Manufacturing companies

In Quarter 1 (Jan to Mar) 2019, the net rate of return for manufacturing companies fell to 12.2% from the estimate of 14.3% in Quarter 4 (Oct to Dec) 2018 (Figure 2). This was caused primarily by a larger than usual fall in profitability by the food products, beverage and tobacco sector.

The Bank of England summary reports that growth in domestic manufacturing output slowed and weaker demand from Europe and China weighed on growth in export of manufactured goods.

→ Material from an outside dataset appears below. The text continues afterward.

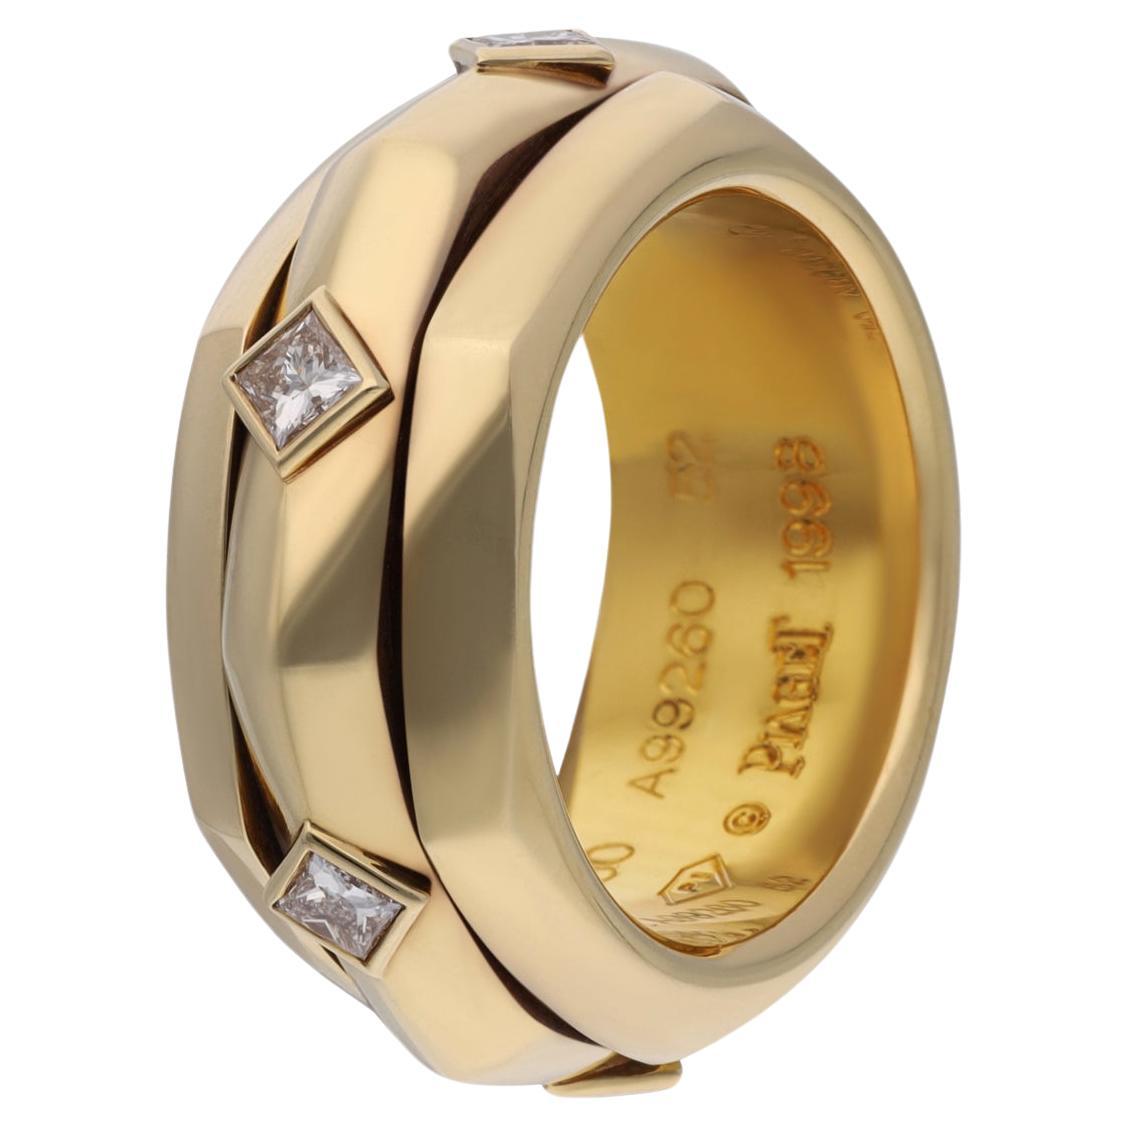 Piaget Ring „POSSESSION“ mit Diamantbesatz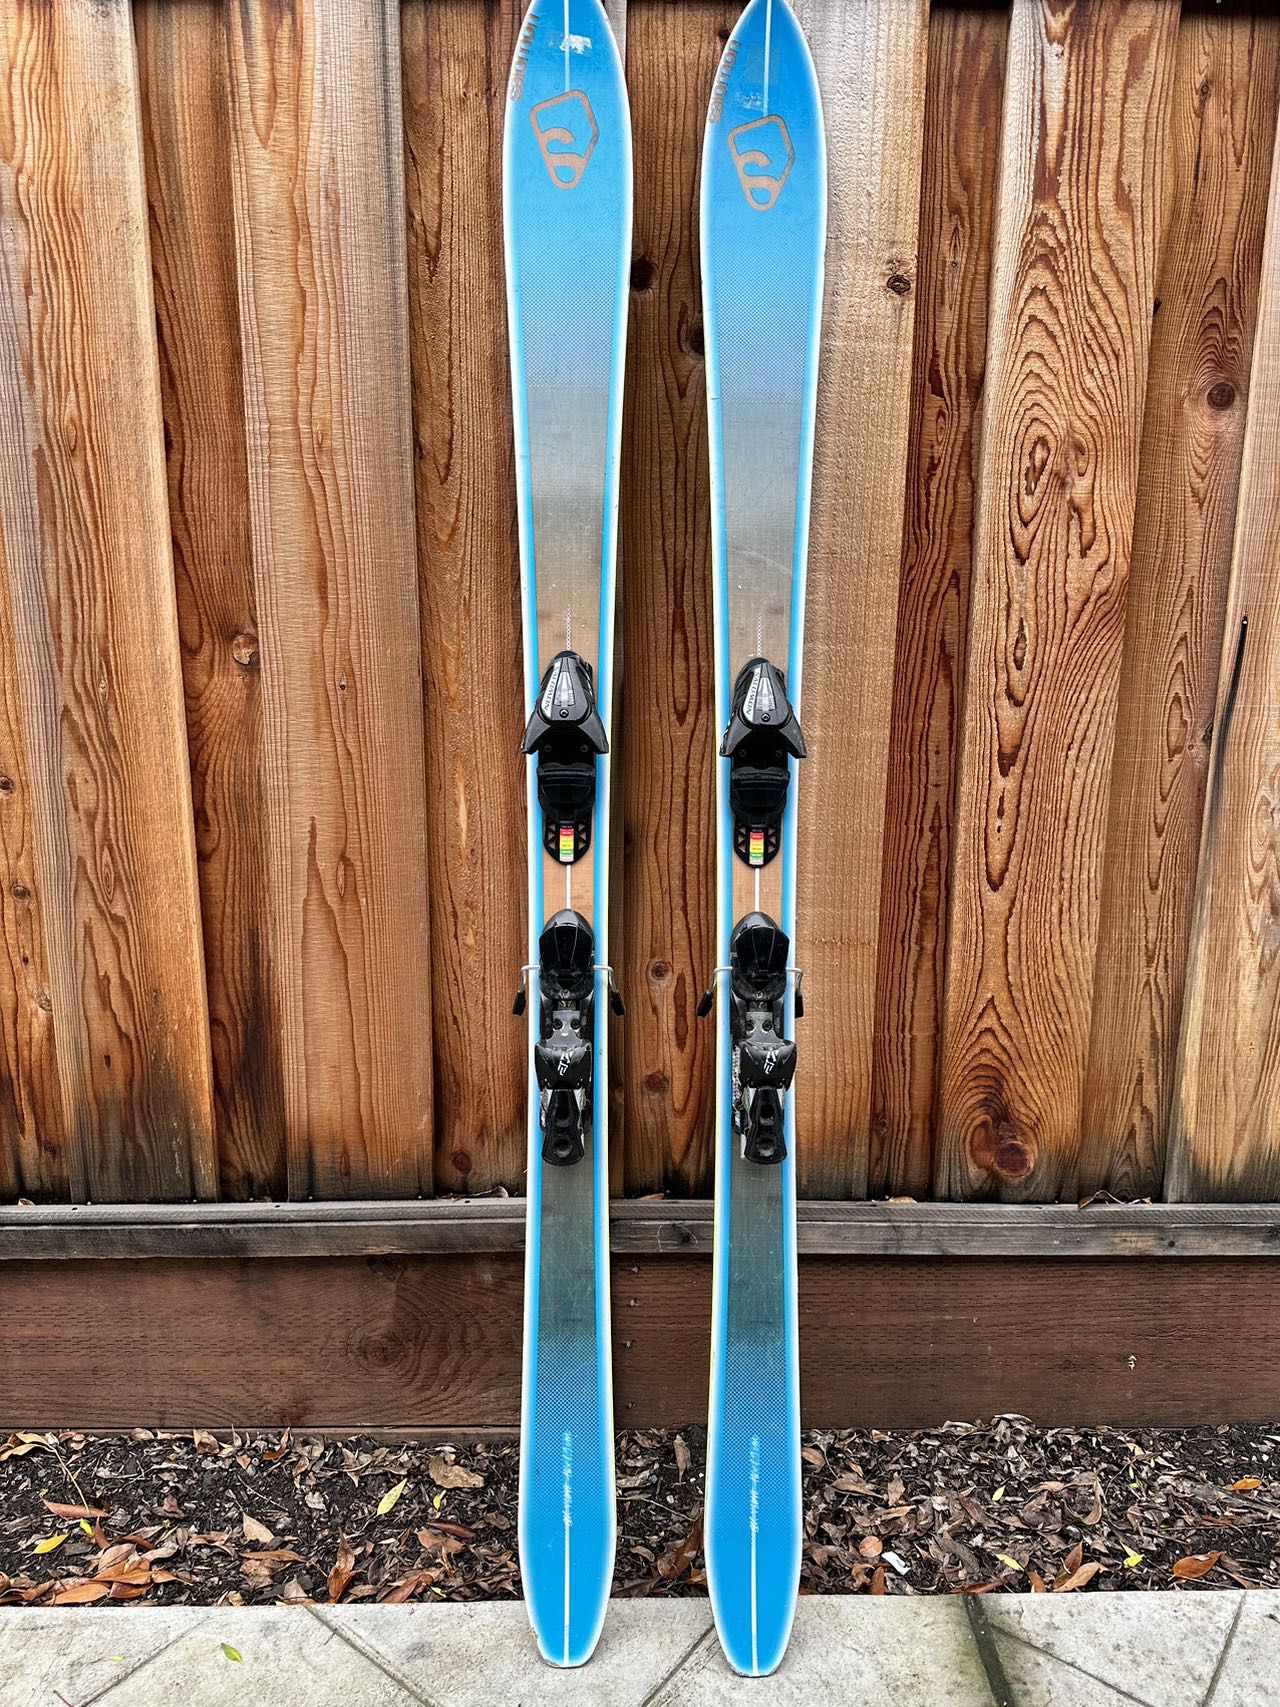 Salomon BBR 8.9 skis

The British Chambers of Commerce (BCC) Quarter 1 2019 economic survey indicates the manufacturing sector continues to struggle amid tougher global and domestic trading conditions. The balance of businesses confident that turnover and profitability will increase in the next 12 months is at its weakest since Quarter 4 2011.

Services companies

The net rate of return for services companies in Quarter 1 2019 increased to 19.0% from an estimate in Quarter 4 of 17.8% (Figure 2). This is the largest quarterly percentage increase since Quarter 4 2016. The sub-sectors causing this were real estate activities, professional, scientific and technical activities, and administrative and support service activities.

The GDP monthly estimate: March 2019 reports that the services industry grew by 0.3% in Quarter 1 2019. The main contributors to this were retail trade and the information and communication sub-sector.

The Index of Services: March 2019 also reported that the services output increased by 0.3% in Quarter 1 2019. The main contributor was the wholesale, retail and motor trade industry.

Conversely, the British Chambers of Commerce (BCC) Quarter 1 2019 economic survey reports that the balance of businesses confident that profitability will improve over the next year fell from positive 28 to positive 19, the weakest since Quarter 3 (July to Sept) 2016.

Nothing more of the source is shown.